I was already tired and overwhelmed by the tour, and my emotions were sitting pretty close to the surface. But there was something about being so close to these amazing works of art — created by human hands, cherished by so many — that touched me so deeply. The galleries were so quiet, people speaking in hushed tones, listening to their headsets as they walked around. It was like being in a church dedicated to art, and I truly felt the reverance that the paintings demanded. It was the only time during my entire stay in New York that I wished I’d been with someone I knew, so I could turn to them and say: aren’t people amazing? Look what we can do!

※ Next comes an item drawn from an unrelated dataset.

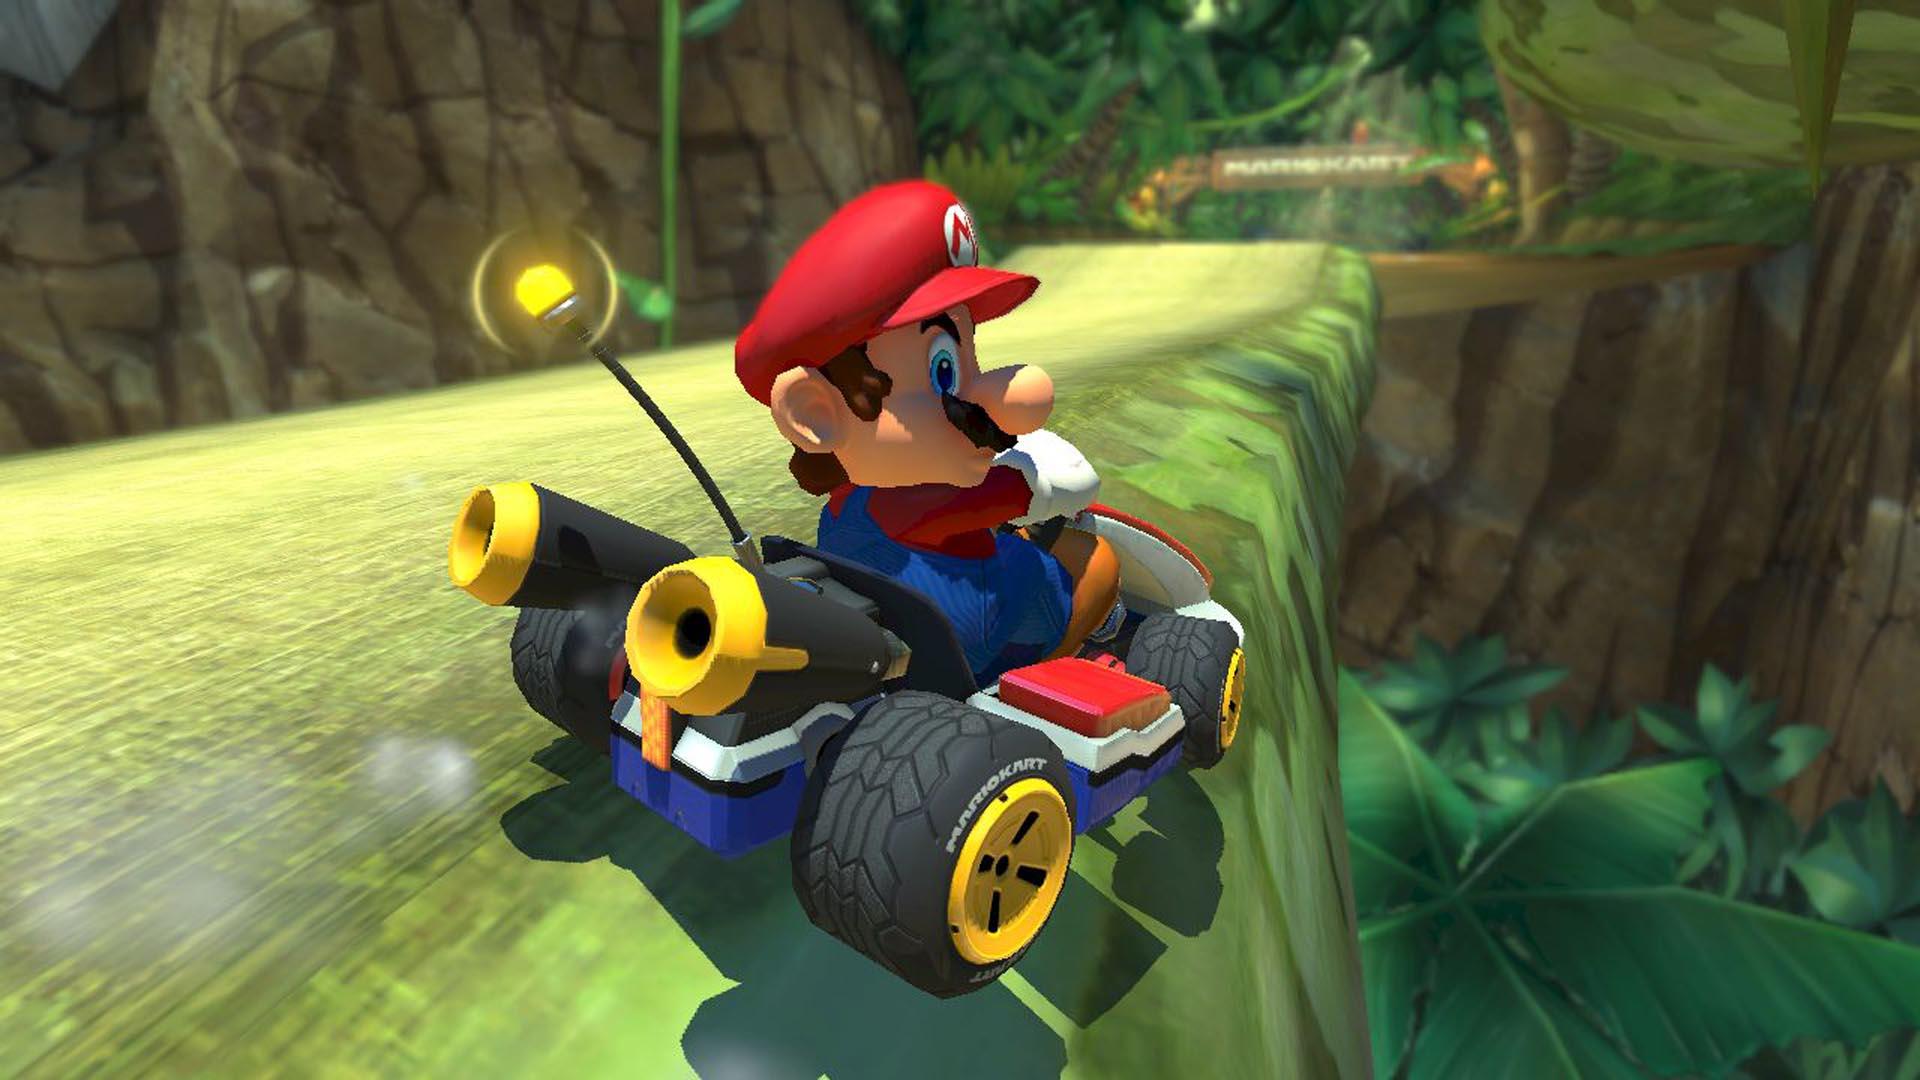 2_NintendoSwitch_MarioKart8_Screenshot_MarioKart_Presentation2017_scrn30

I absolutely adored the MOMA. Loved the art and the space and the food in the cafe on the 5th floor. I loved how friendly and helpful the stewards were, and how the museum let visitors use their cameras. This wasn’t the case when I visited the Guggenheim a few days later and it was quite comical watching the stewards (who looked like security guards) running up to people brandishing cameras: “No photos!”. It made no sense to me. Why was someone taking a snap with an iPhone such a bad thing? Surely art appreciation is to be encouraged, and if I wanted a crappy low-res shot of the Rothko to take home with me — a little memory to treasure, a bit of proof that I’d seen it! — why not let me? (I took it anyway. And yes, a man rushed over and told me off ;-)
The only place you were allowed to take pictures was standing in the atrium looking up at the (admittedly awesome) glass roof. Of course, i ignored this rule and took a few more sneaky shots as I walked round (and round) the building:
The Rineke Dijkstra retrospective (above) was fantastic and definitely worth the visit (a female photographer celebrated in a New York museum, no less. My heart soared.) And yes, the building itself is amazing and I’m glad I took the time to see it, though I might not go back, now that I have. The MOMA, however, will see me again, that’s for sure.
Does art (or music, or theatre, or any of the other creative arts) make you cry too?